“Talk about women showing up for women!” the director of the University of Washington’s Graduate Lecture Series said to a sold-out auditorium at Anita Hill’s Nov. 6 lecture, and then she told us the most surprising thing: Dr. Christine Blasey Ford would be introducing Hill.
Ford walked out onto the Seattle stage, and the crowd leapt up. Applause and cheers filled the room, transforming the staid academic atmosphere instantly into a ticker-tape parade. We’d come out to see a hero from a long-ago battle, and here was another we’d watched just over a year ago standing up before the Senate Judiciary Committee, one hand in the air, promising to tell nothing but the truth.
The impact of Ford’s appearance before us felt especially profound because I, like many of us, have worried about her in her absence from the public eye since the confirmation of Supreme Court Justice Brett Kavanaugh.

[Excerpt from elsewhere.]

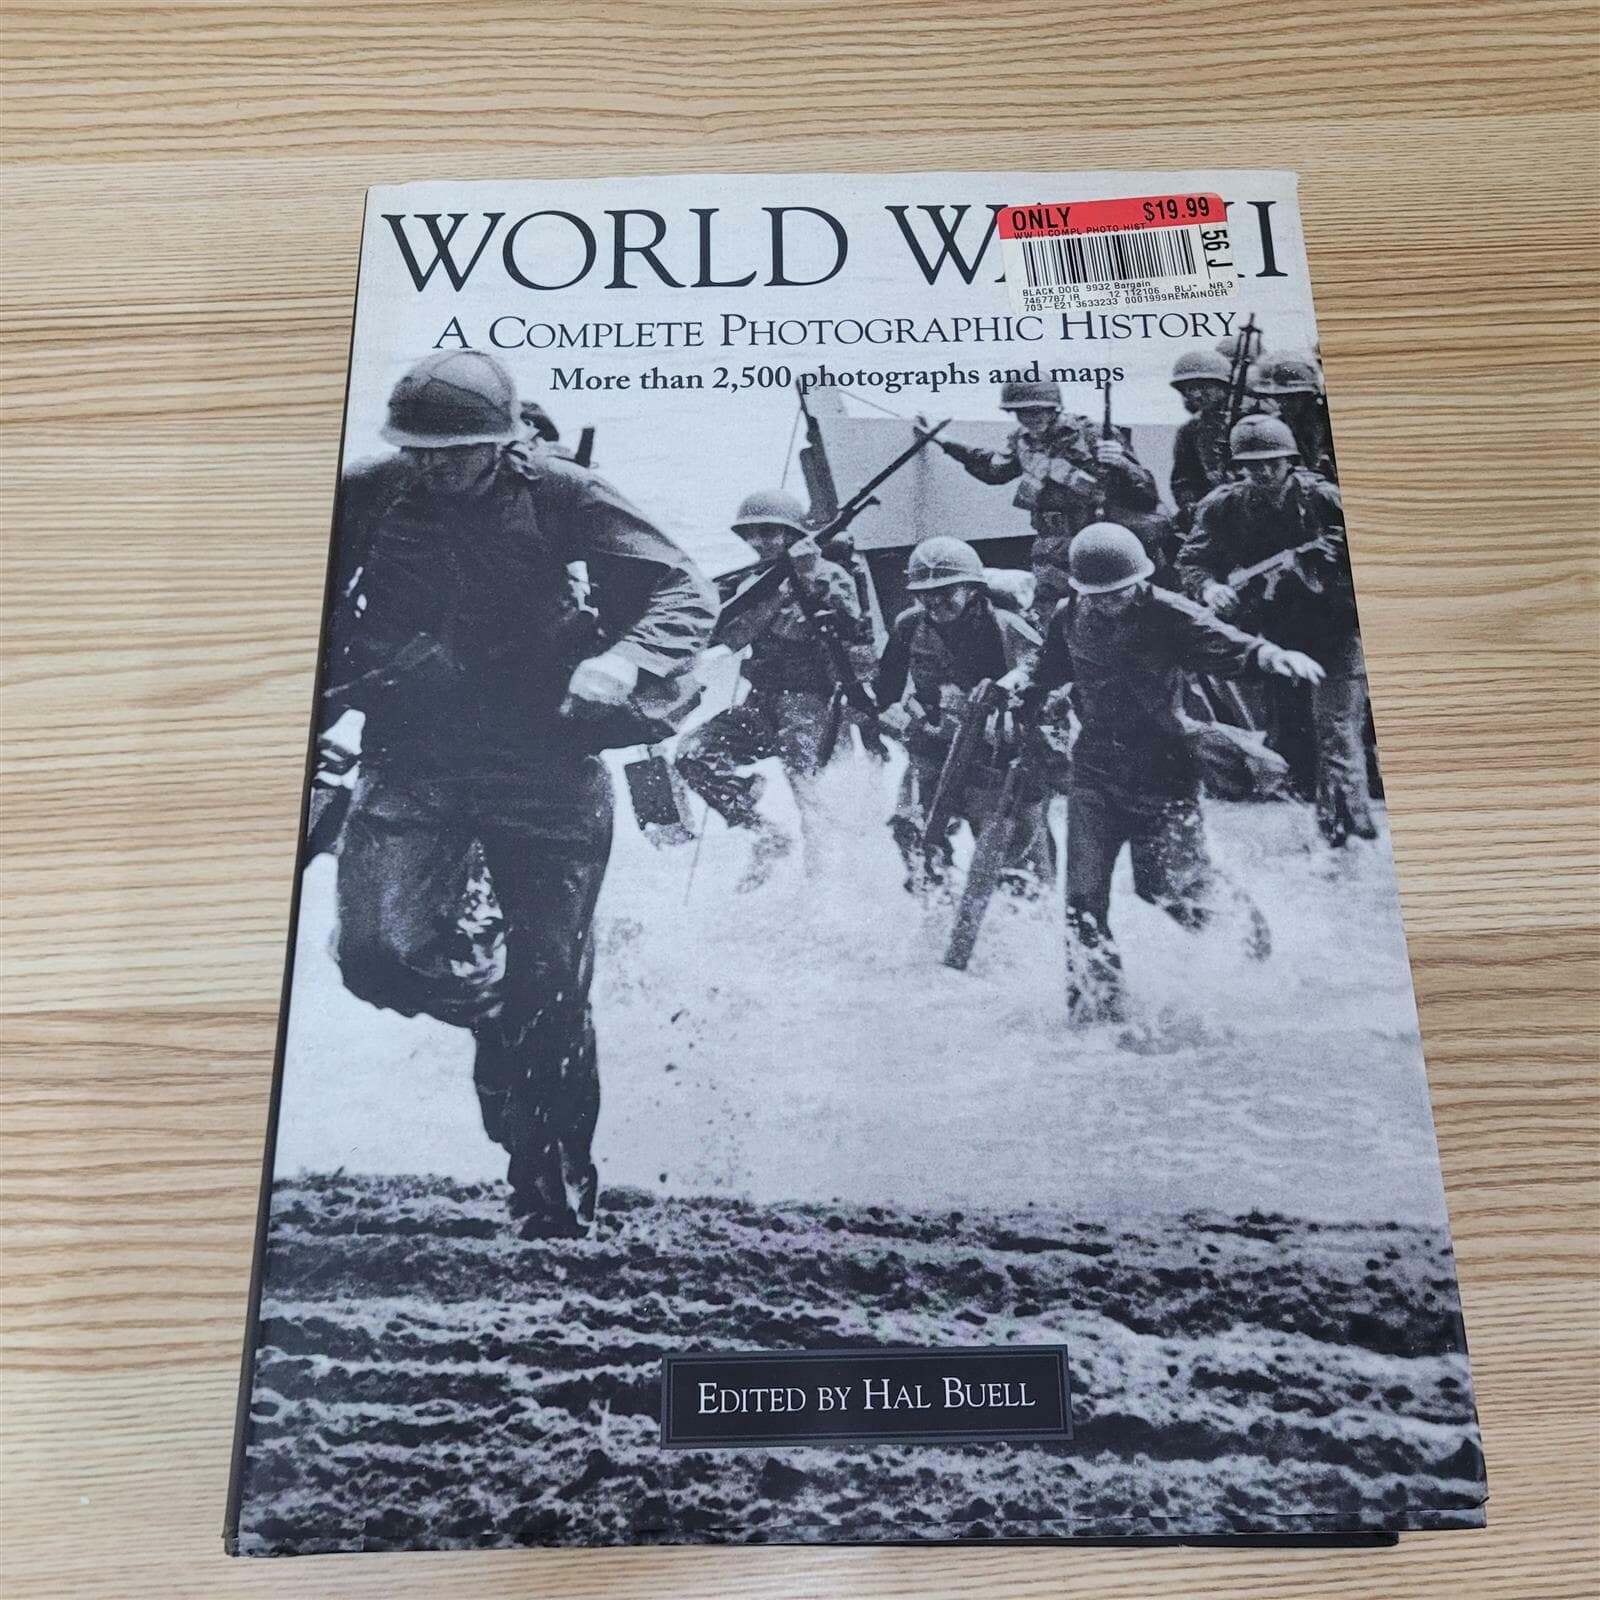 World War 2: A Complete Photographic History(Hardcover)

The applause died out, not because we wanted to stop clapping, but because we wanted to let her speak.
It was stirring and profound to hear Ford’s voice again — the voice we’d come to know so well so quickly, the voice that had replied evenly that some memories are “indelible in the hippocampus,” the voice that had gained confidence as the hours of the confirmation hearing elapsed.
After she read the formidable list of Hill’s accomplishments, she said of her, “She helped revolutionize equality for women, including me.”
“Including me.”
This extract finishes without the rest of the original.